**INPUT DATA:**
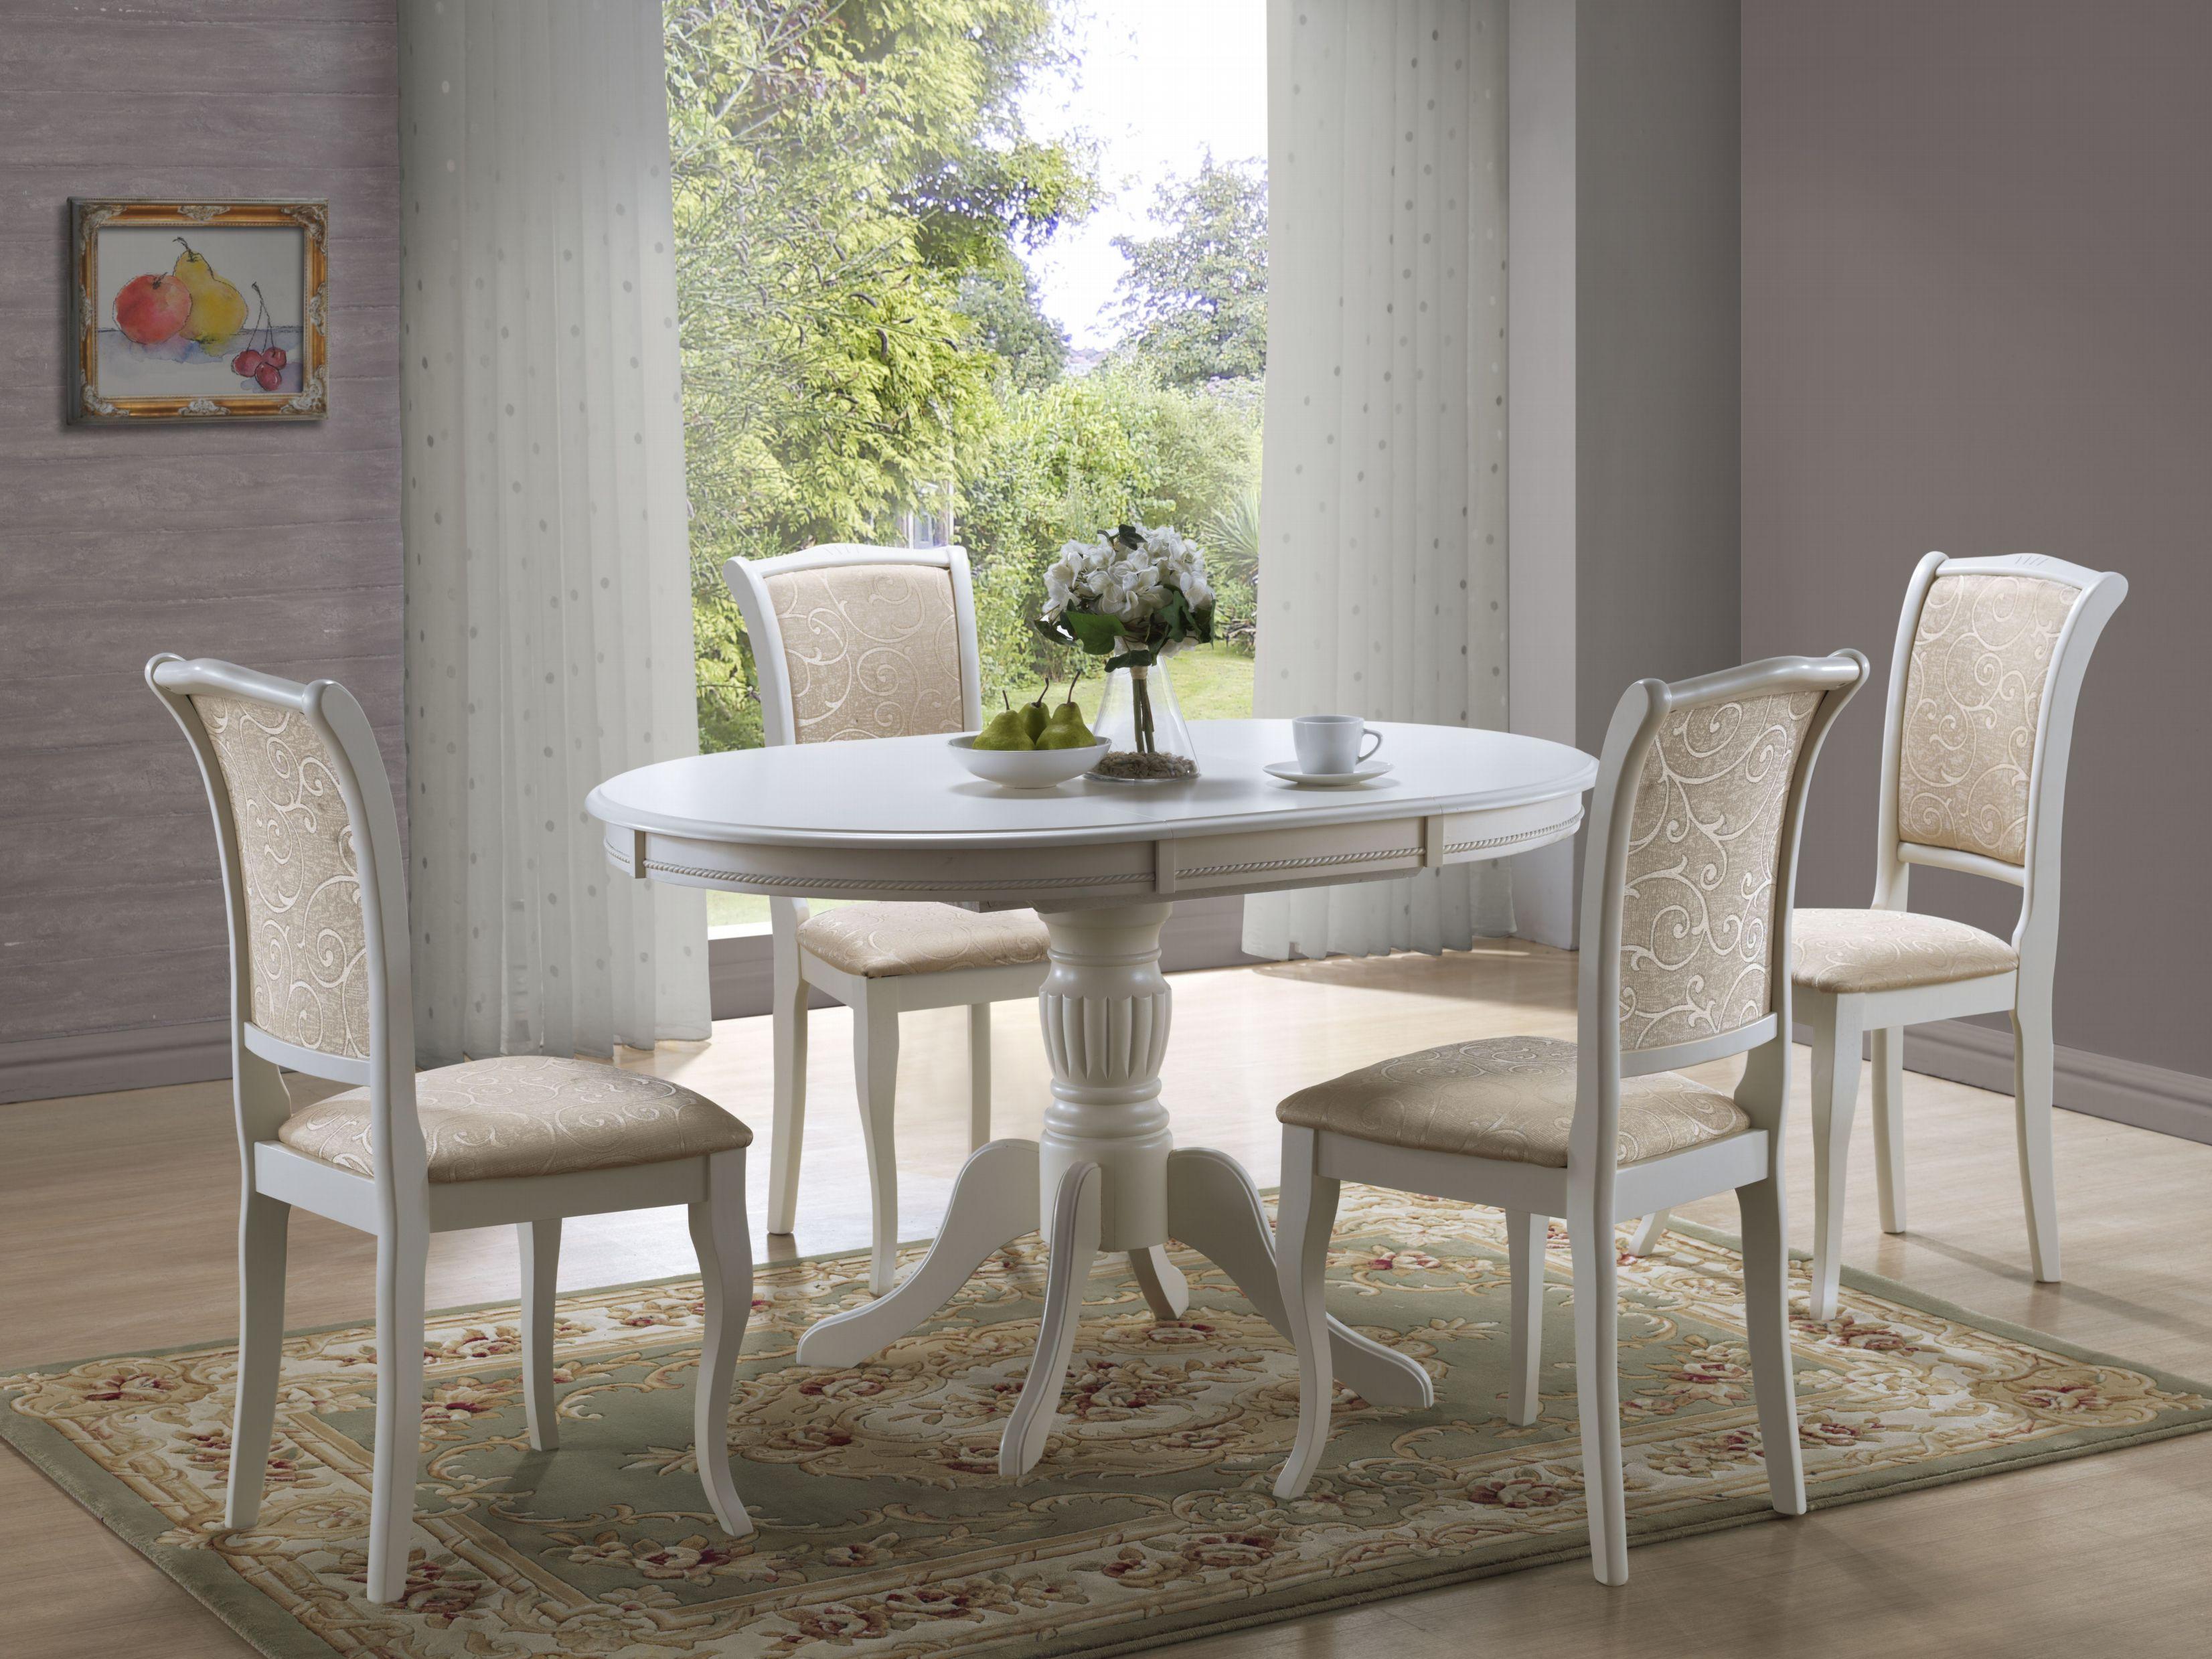 Обеденный стол olivia bianco signal - купить в рассрочку, бо.
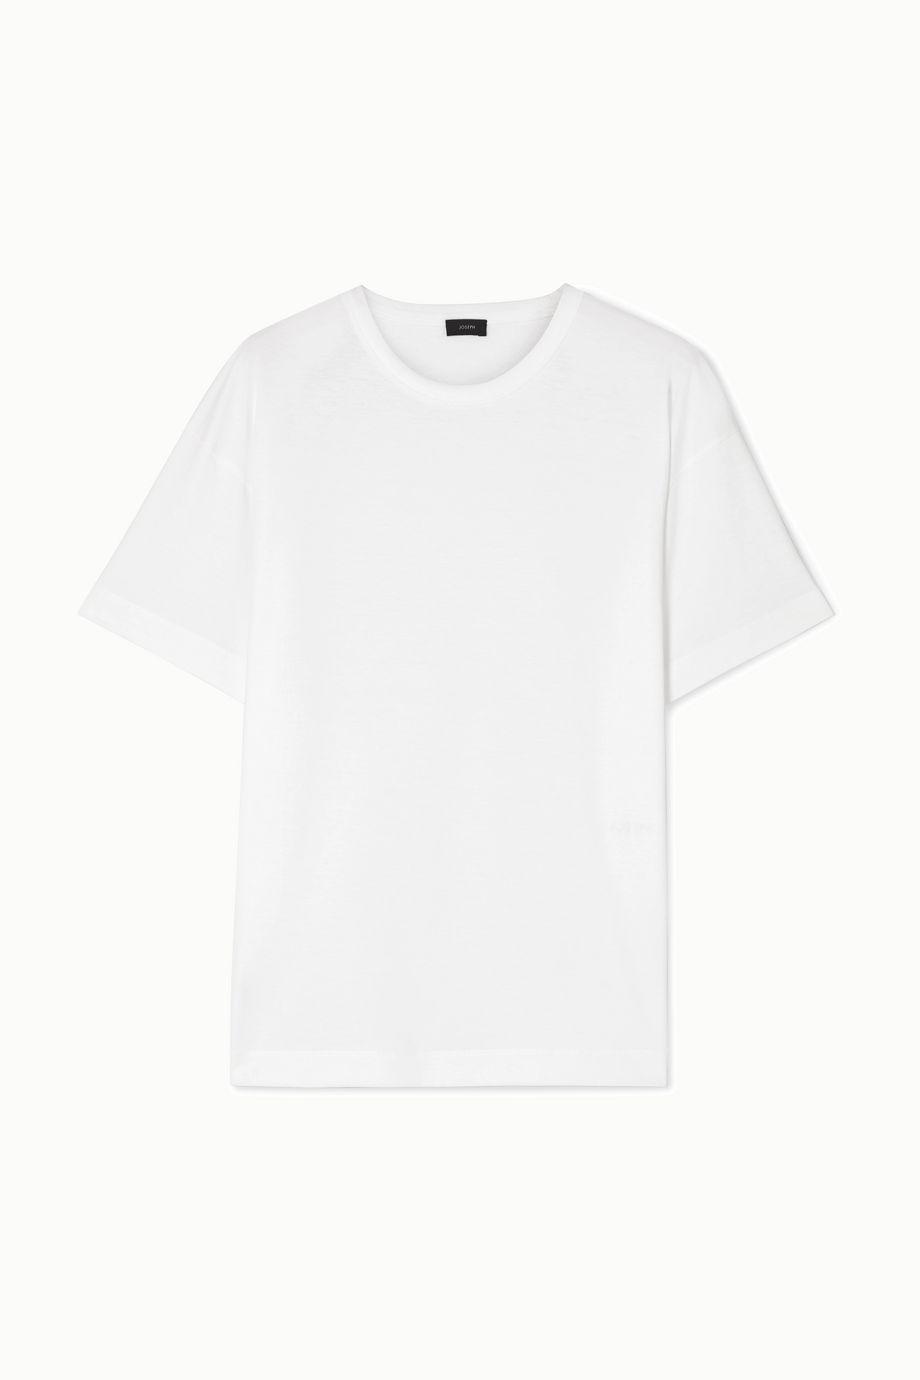 Joseph T-shirt en jersey de coton à broderie Perfect
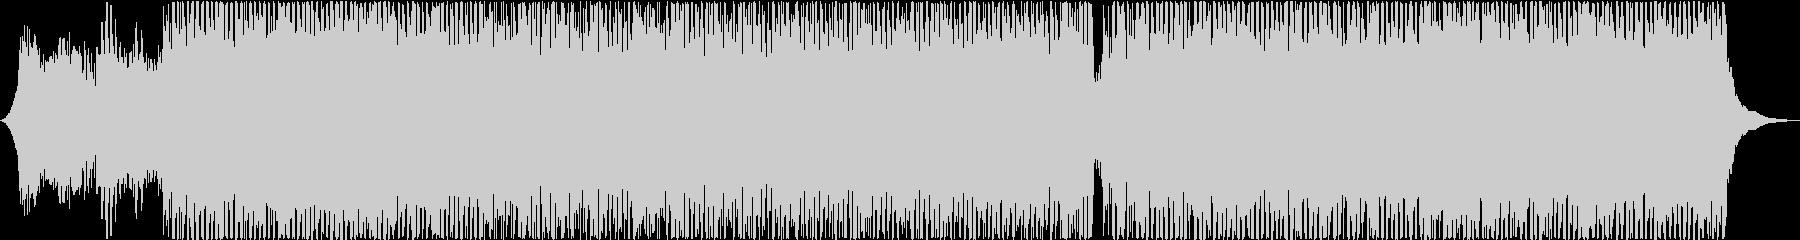 和楽器のカッコいいテクノの未再生の波形
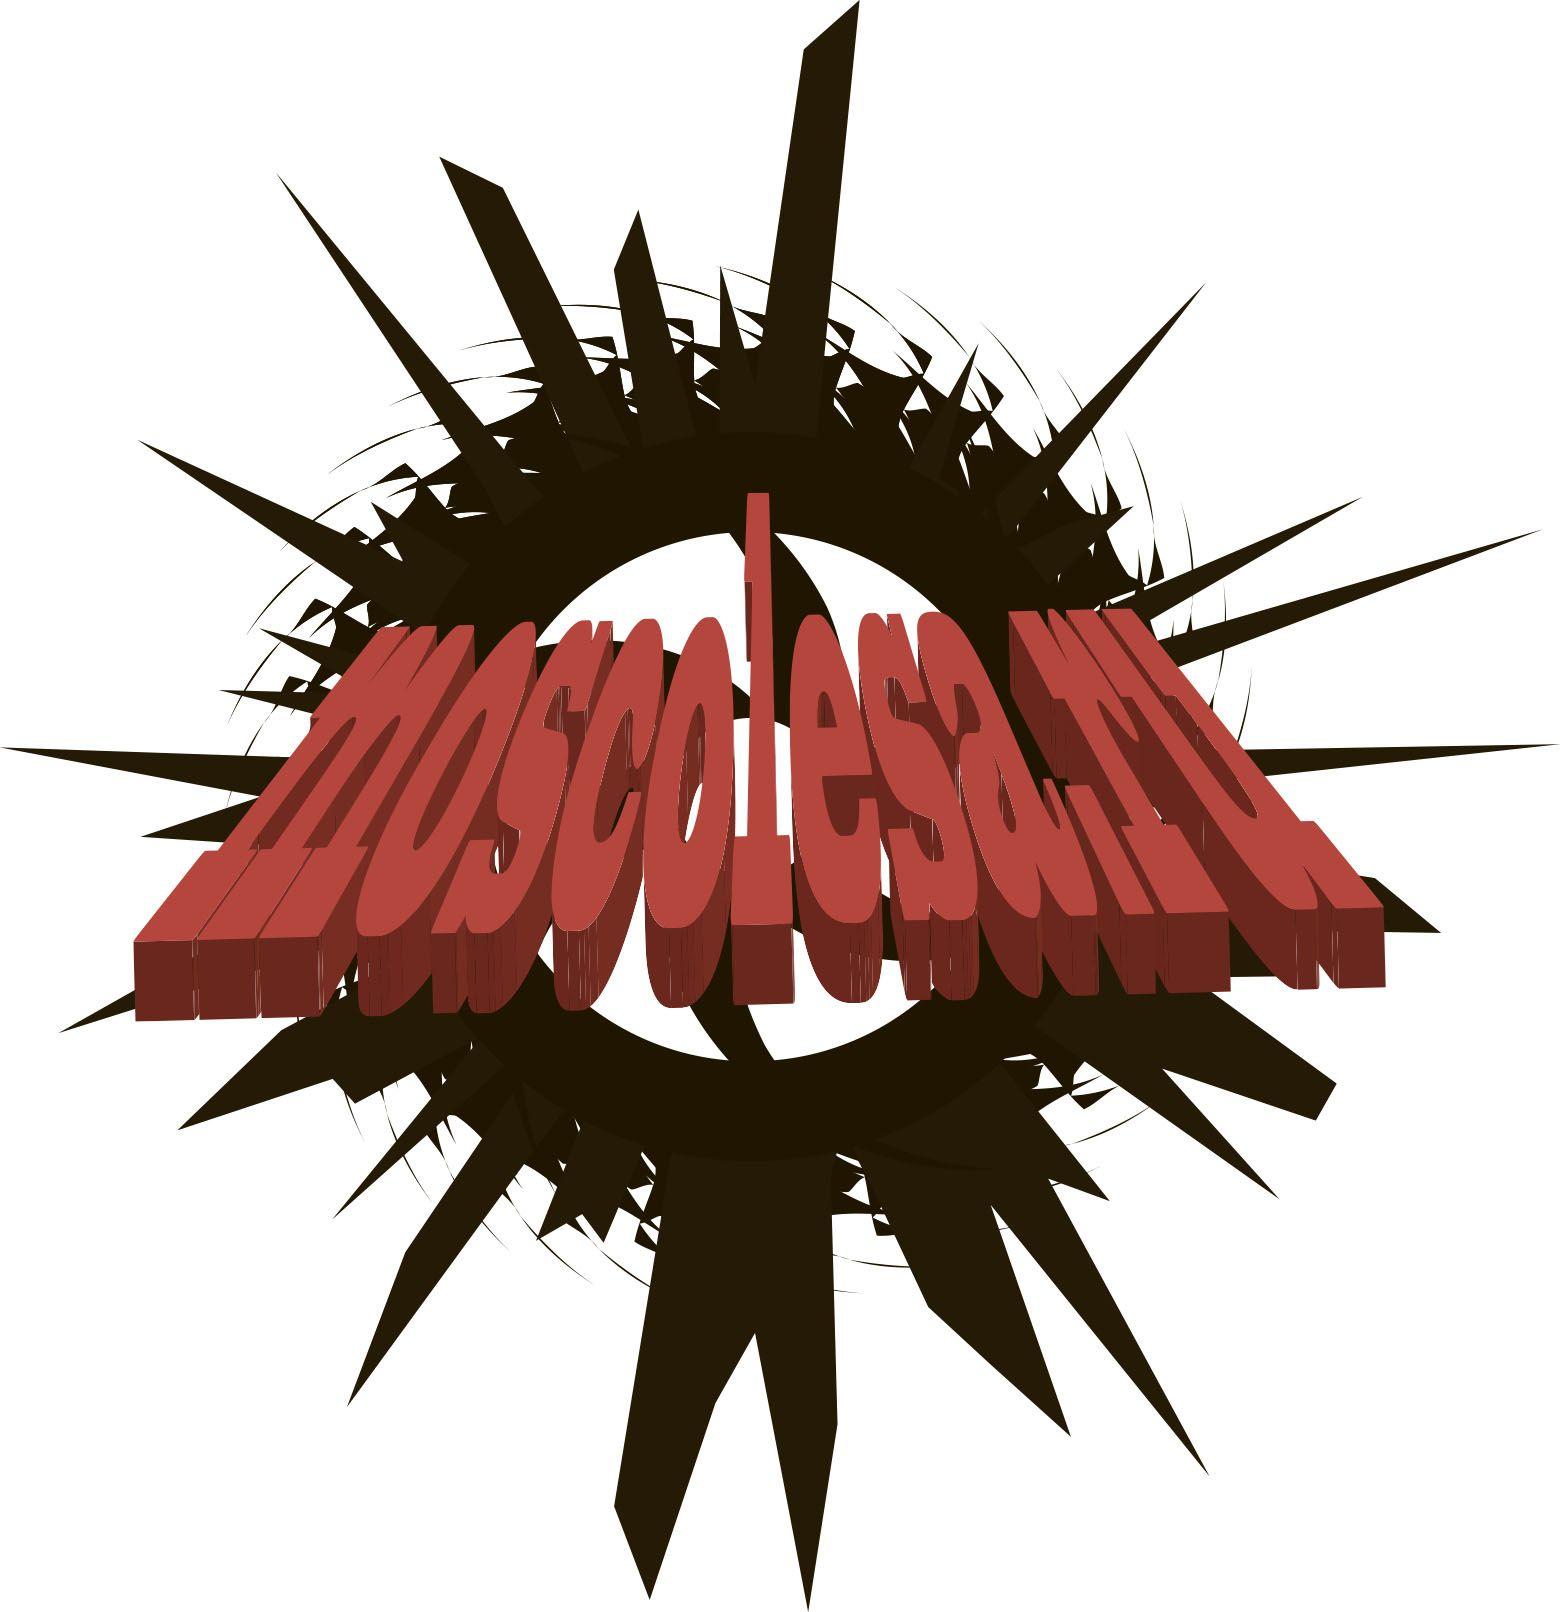 Лого и фир.стиль для ИМ шин и дисков. - дизайнер Velo16

**ASSIGNMENT:**
The answer should consist only of the lines from the one with "Joseph T-shirt en" through the last line of the material above, copied exactly, with no pictures.

**OUTPUT:**
 Joseph T-shirt en jersey de coton à broderie Perfect
 和楽器のカッコいいテクノの未再生の波形
 Лого и фир.стиль для ИМ шин и дисков. - дизайнер Velo16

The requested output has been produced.